Mon Aug 5 16:18:41 CDT 2002

jdboyd at cs.millersville.edu writes:

>Now (and this is from listening to others, rather than personal
>experience), Altivec allows adding 2 sets of 4 floats in one instruction
>like above (this part I know personally from reading the docs, and
>reviewing OS X code that used the units).  Cray's (and here is where I
>get to the hear say) can add 2 sets of 4 floats together like that one
>instruction, but they can also add a 2 sets of a few hundred floats
>together in one instruction as well.

If I understand the Crays correctly, the fact that one instruction
operates on a large array does *not* mean that all the elements
are actually calculated simultaneously.

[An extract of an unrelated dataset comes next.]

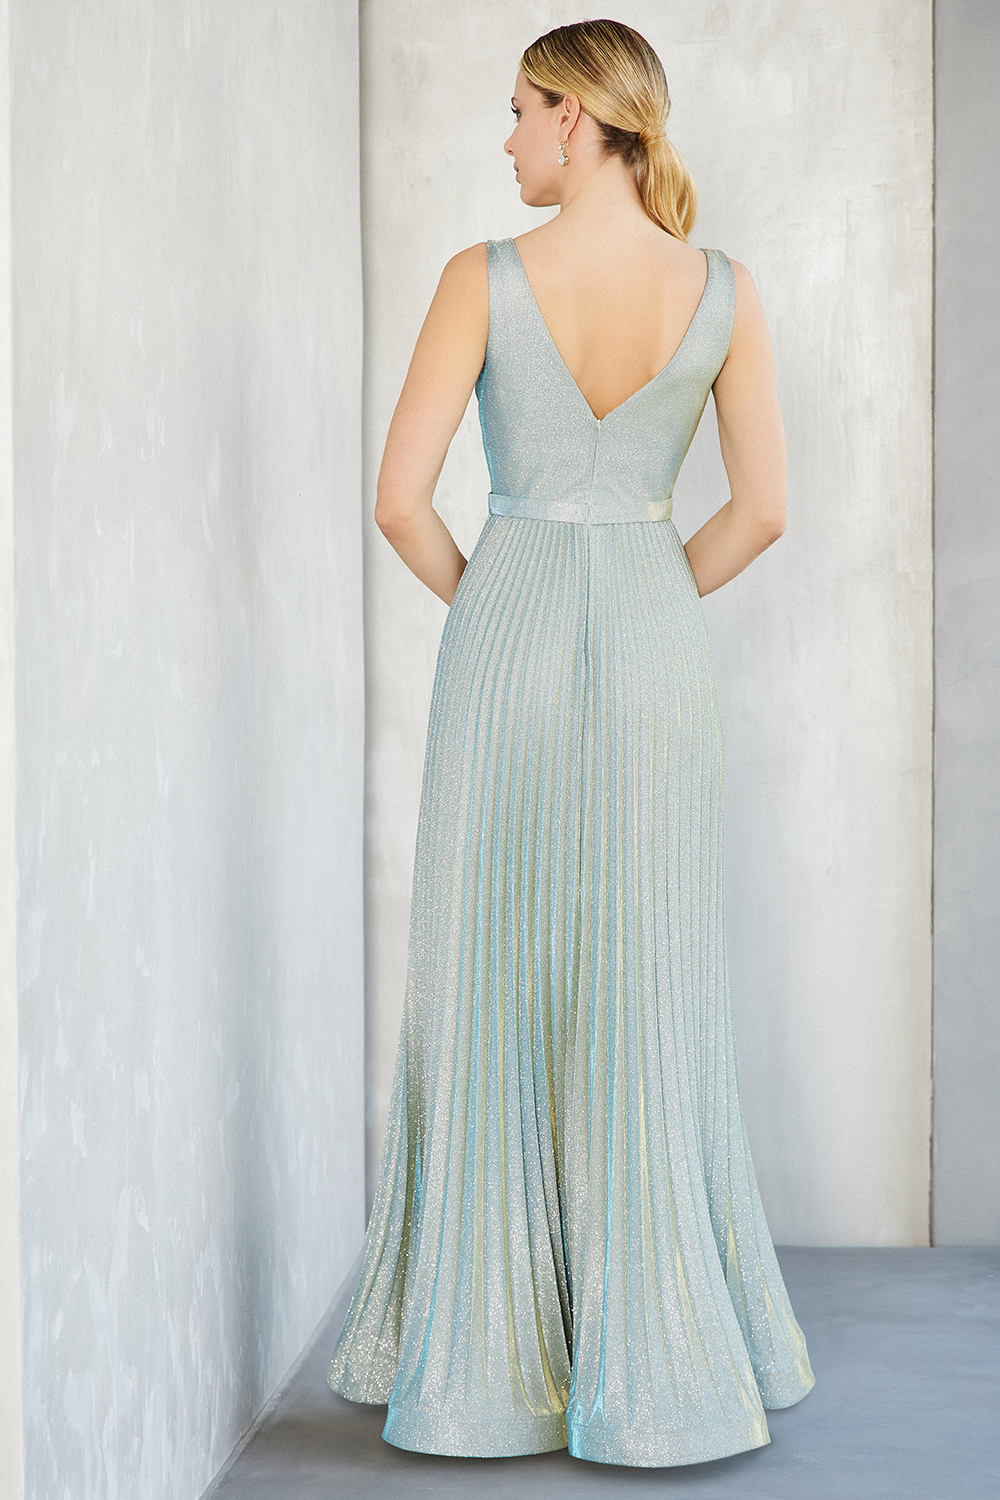 Классические платья / Long cocktail pleated dress with shining fabric and wide straps

It's actually just a
really really optimized loop, initiated by a single instruction.
Obviously that lets you tune the hardware to keep all the stages
of the pipeline running optimally, but it isn't what would be called
"SIMD" in the MPP world.

The post-Seymour CDC supers (CDC-205?, ETA) actually had memory-to-memory
vector instructions, so the memory interface was part of that specially
tuned & optimized loop too, which gives stunning results.

------ David Fischer ------- dave at cca.org ------- http://www.cca.org -------
---------- "Anything Jesus can do, I can do better." - The Locust ----------